Wait, no, the first term is \(3(8y - 9)^2\), so when we factor out \((8y - 9)^2\), we get 3. The second term is \(7(8y - 9)^3 = 7(8y - 9)^2(8y - 9)\), so factoring out \((8y - 9)^2\) gives \(7(8y - 9)\). So:

\(3(8y - 9)^2 + 7(8y - 9)^3 = (8y - 9)^2[3 + 7(8y - 9)]\)

Now, simplify inside the brackets:

\(3 + 56y - 63 = 56y - 60\)

Then, 56y - 60 = 4(14y - 15)

So the expression becomes:

\((8y - 9)^2\times4(14y - 15) = 4(8y - 9)^2(14y - 15)\)

But wait, maybe the problem doesn't require factoring the linear term. Let's check the original problem again.

The problem says "Factor out the greatest common factor in the given polynomial" and then "Factor completely".

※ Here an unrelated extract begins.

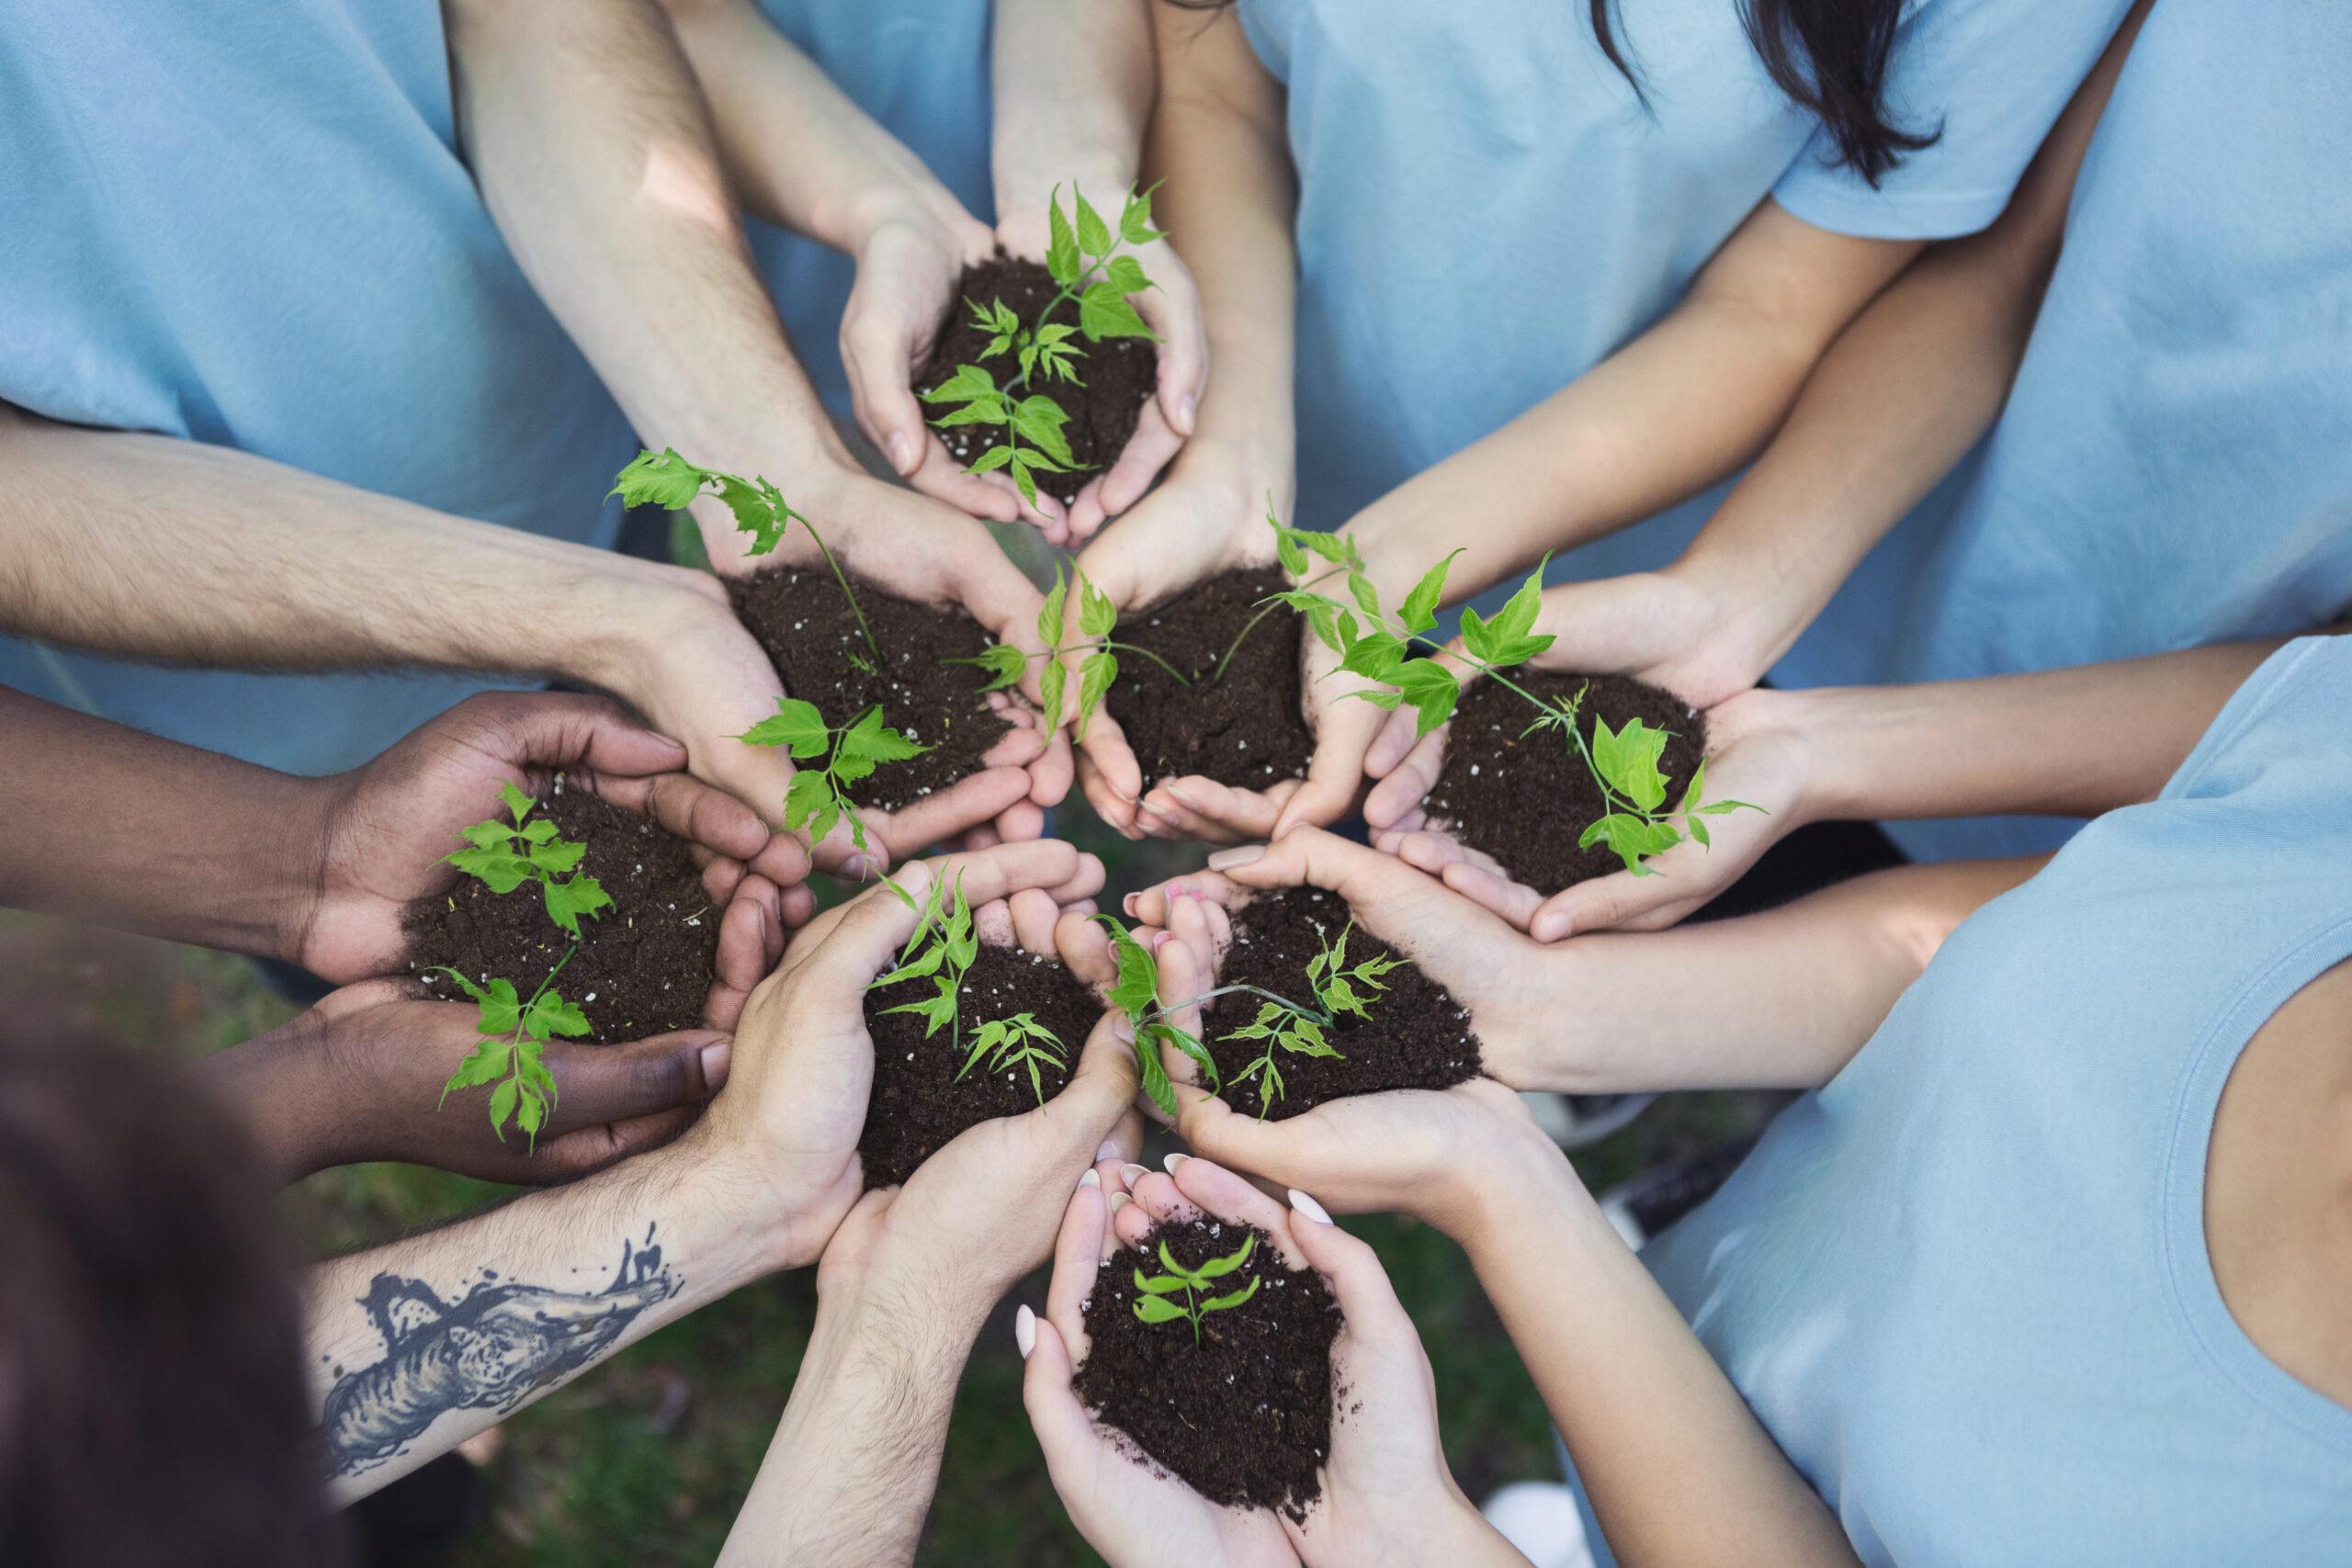 Mehrere Menschen die ihre Hände zur Mitte hin strecken. Sie halten jeder eine handvoll Erde mit kleinen Pflanzen.
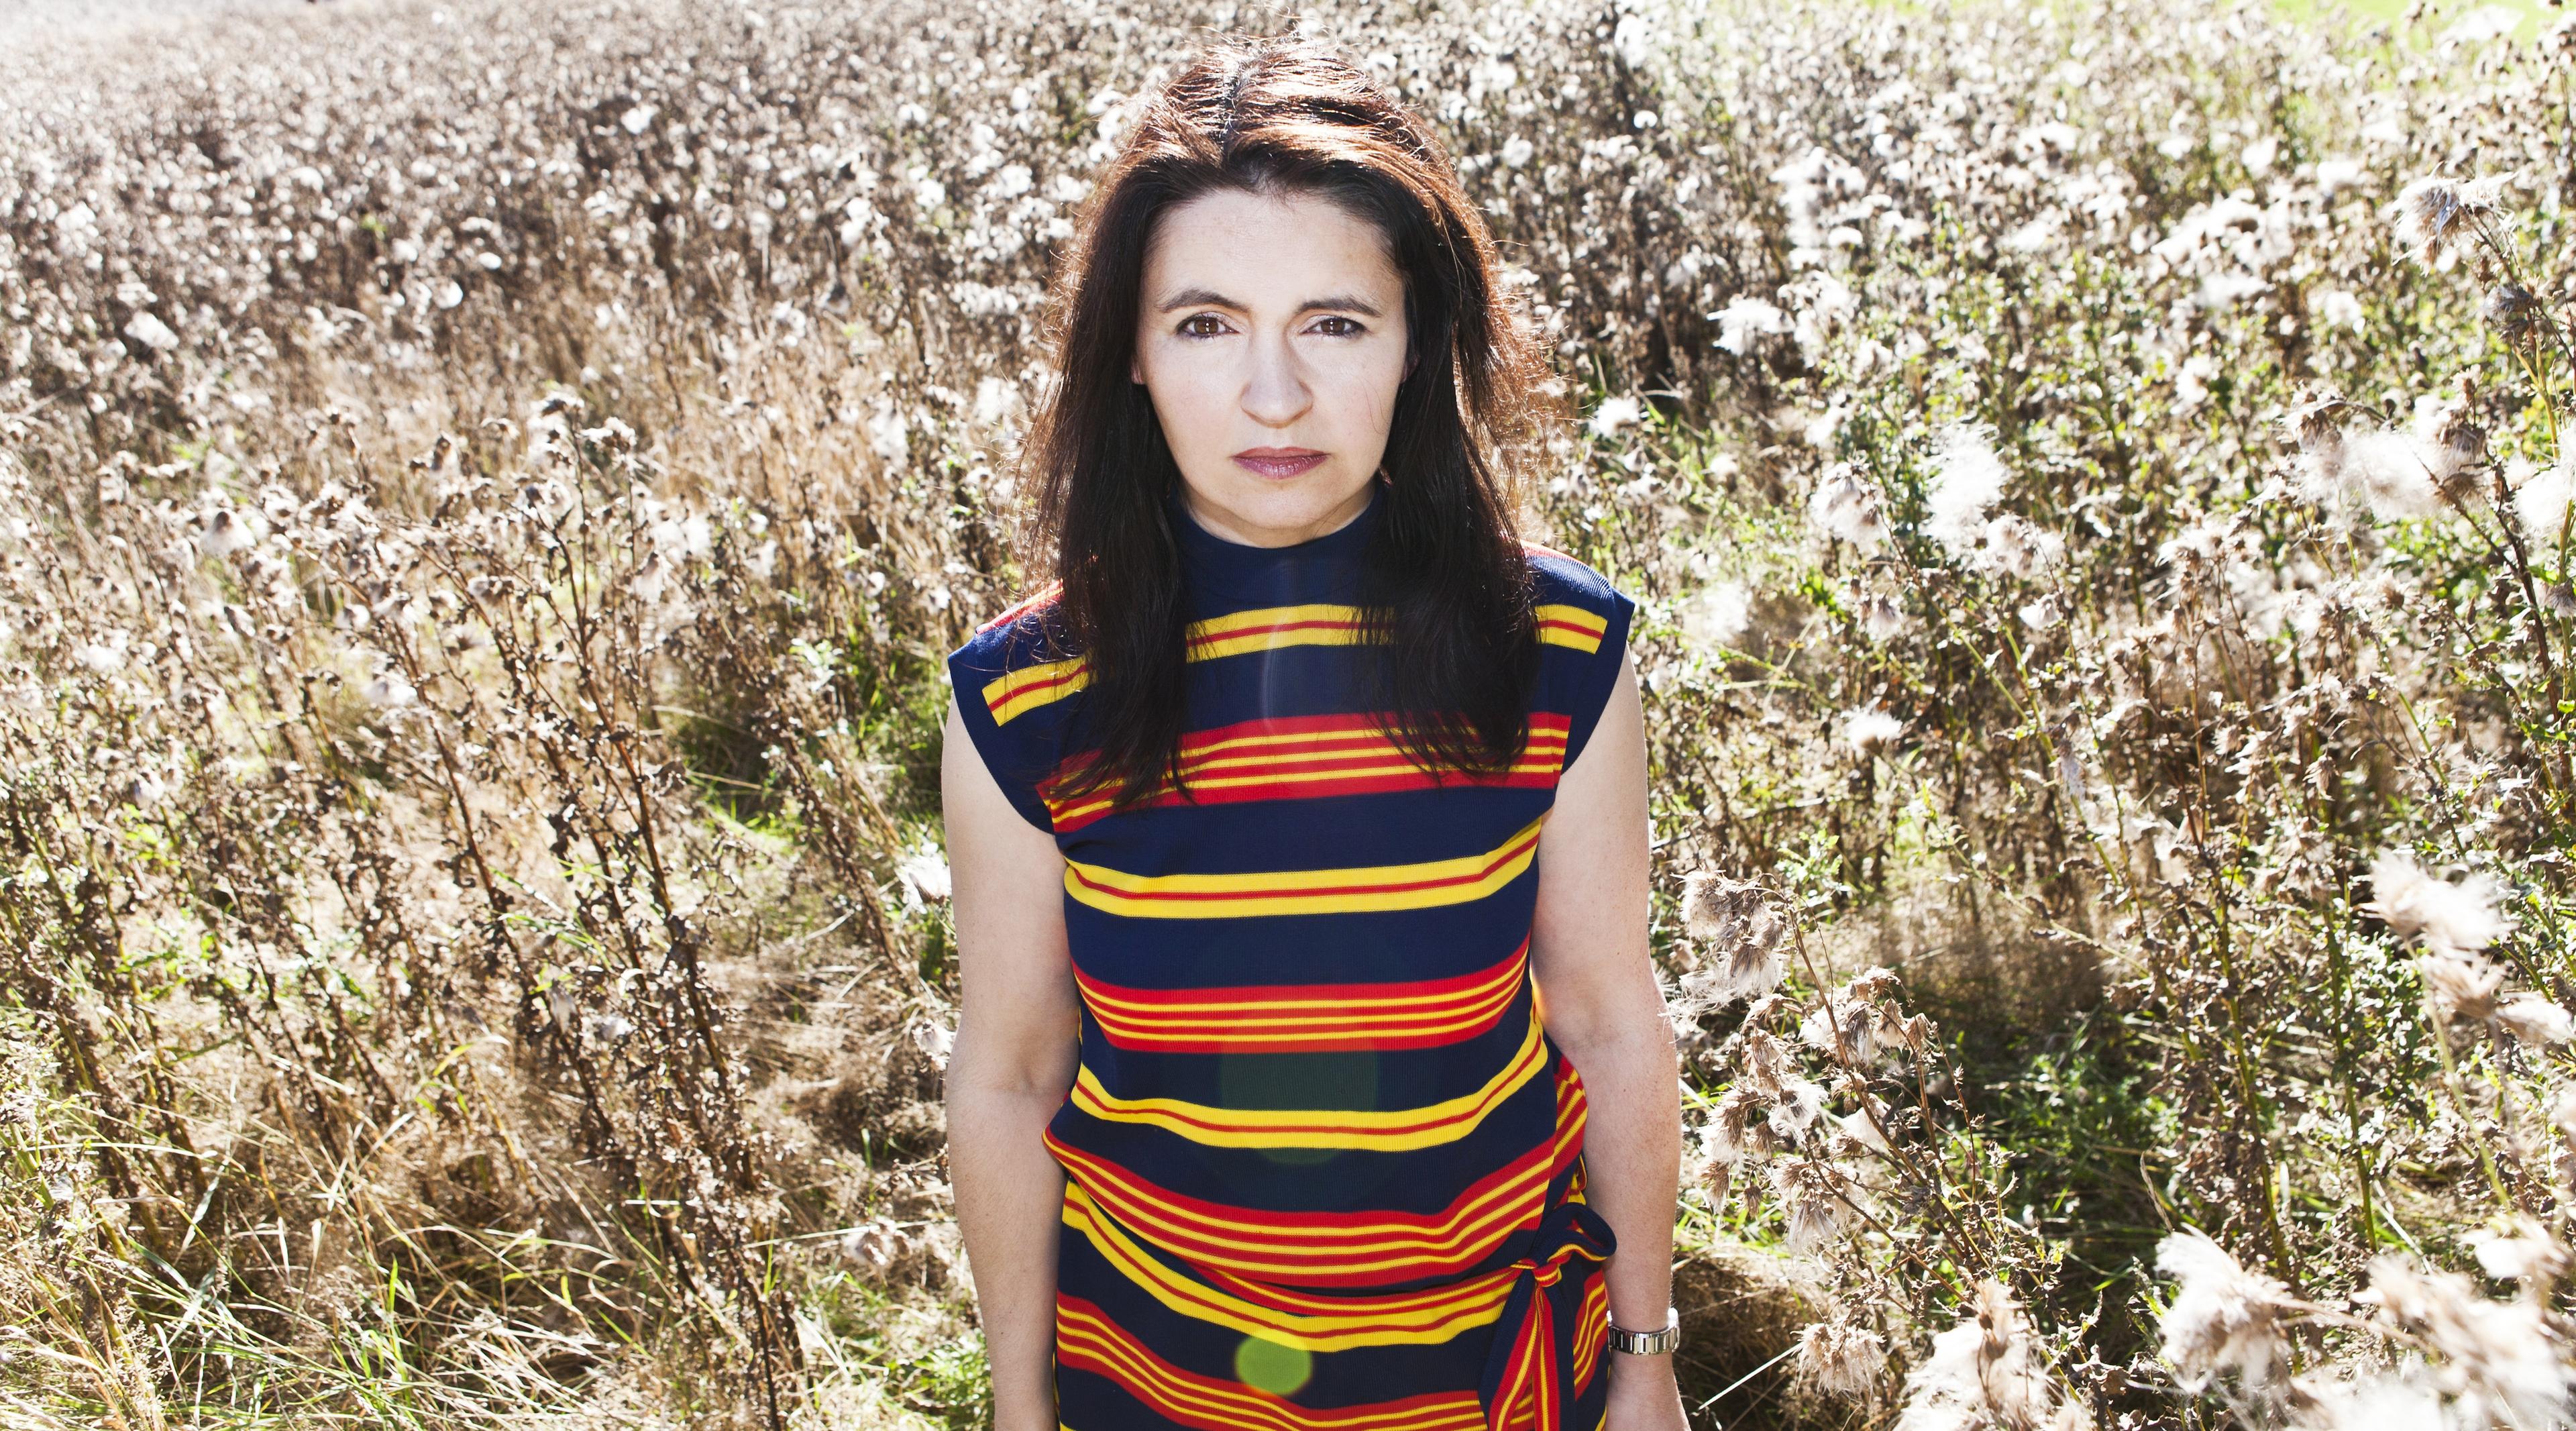 Singer Emma Pollock

Wait, the GCF of the two terms is \((8y - 9)^2\), so factoring that out:

\(3(8y - 9)^2 + 7(8y - 9)^3 = (8y - 9)^2[3 + 7(8y - 9)]\)

Now, simplify the bracket:

\(3 + 7(8y - 9) = 3 + 56y - 63 = 56y - 60 = 4(14y - 15)\)

So then, the fully factored form is \(4(8y - 9)^2(14y - 15)\). But maybe I made a mistake in the initial step. Wait, no, let's do it again.

Wait, the two terms are \(3(8y - 9)^2\) and \(7(8y - 9)^3\). The GCF is the product of the GCF of the coefficients and the GCF of the variable parts. The coefficients are 3 and 7, which have a GCF of 1. The variable part: \((8y - 9)^2\) and \((8y - 9)^3\), so GCF is \((8y - 9)^2\). So the GCF is \(1\times(8y - 9)^2 = (8y - 9)^2\).

So factoring out \((8y - 9)^2\):

\(3(8y - 9)^2 + 7(8y - 9)^3 = (8y - 9)^2[3 + 7(8y - 9)]\)

Now, simplify inside the brackets:

\(3 + 7(8y - 9) = 3 + 56y - 63 = 56y - 60\)

Then, factor 4 from 56y - 60: 56y - 60 = 4(14y - 15)

So the expression becomes:

\((8y - 9)^2\times4(14y - 15) = 4(8y - 9)^2(14y - 15)\)

But maybe the problem expects the answer as \((8y - 9)^2(3 + 7(8y - 9))\) simplified, which is \((8y - 9)^2(56y - 60)\), but factoring further, 56y - 60 = 4(14y - 15), so \((8y - 9)^2\times4(14y - 15) = 4(8y - 9)^2(14y - 15)\).

Wait, but let's check with a different approach. Let's let \(u = 8y - 9\). Then the polynomial becomes \(3u^2 + 7u^3\). The GCF of \(3u^2\) and \(7u^3\) is \(u^2\). So factoring out \(u^2\) gives \(u^2(3 + 7u)\). Substituting back \(u = 8y - 9\), we get \((8y - 9)^2(3 + 7(8y - 9))\). Now simplify \(3 + 7(8y - 9)\):

\(3 + 56y - 63 = 56y - 60 = 4(14y - 15)\). So the fully factored form is \(4(8y - 9)^2(14y - 15)\). But maybe the problem considers factoring out the GCF as \((8y - 9)^2\) and then simplifying the bracket, so:

\((8y - 9)^2(3 + 56y - 63) = (8y - 9)^2(56y - 60) = 4(8y - 9)^2(14y - 15)\).

But let's check the initial factoring again. The original problem is \(3(8y - 9)^2 + 7(8y - 9)^3\). The GCF is \((8y - 9)^2\), so:

\(3(8y - 9)^2 + 7(8y - 9)^3 = (8y - 9)^2[3 + 7(8y - 9)]\)

Now, simplify the bracket:

\(3 + 7(8y - 9) = 3 + 56y - 63 = 56y - 60\)

So the expression is \((8y - 9)^2(56y - 60)\). Then, factor 4 from 56y - 60: 56y - 60 = 4(14y - 15), so:

\((8y - 9)^2\times4(14y - 15) = 4(8y - 9)^2(14y - 15)\)

Yes, that's correct.

Answer:

\(4(8y - 9)^2(14y - 15)\)

Wait, but let's verify with the substitution method. Let \(y = 1\). Then the original polynomial:

\(3(8(1) - 9)^2 + 7(8(1) - 9)^3 = 3(-1)^2 + 7(-1)^3 = 3(1) + 7(-1) = 3 - 7 = -4\)

Now the factored form: \(4(8(1) - 9)^2(14(1) - 15) = 4(-1)^2(14 - 15) = 4(1)(-1) = -4\). Correct.

Another test: \(y = 0\). Original polynomial: \(3(0 - 9)^2 + 7(0 - 9)^3 = 3(81) + 7(-729) = 243 - 5103 = -4860\)

Factored form: \(4(0 - 9)^2(0 - 15) = 4(81)(-15) = 324(-15) = -4860\). Correct.

So the correct factored form is \(4(8y - 9)^2(14y - 15)\). But wait, maybe the problem expects the answer as \((8y - 9)^2(3 + 7(8y - 9))\) which simplifies to \((8y - 9)^2(56y - 60)\), but factoring out 4 gives \(4(8y - 9)^2(14y - 15)\). So that's the complete factorization.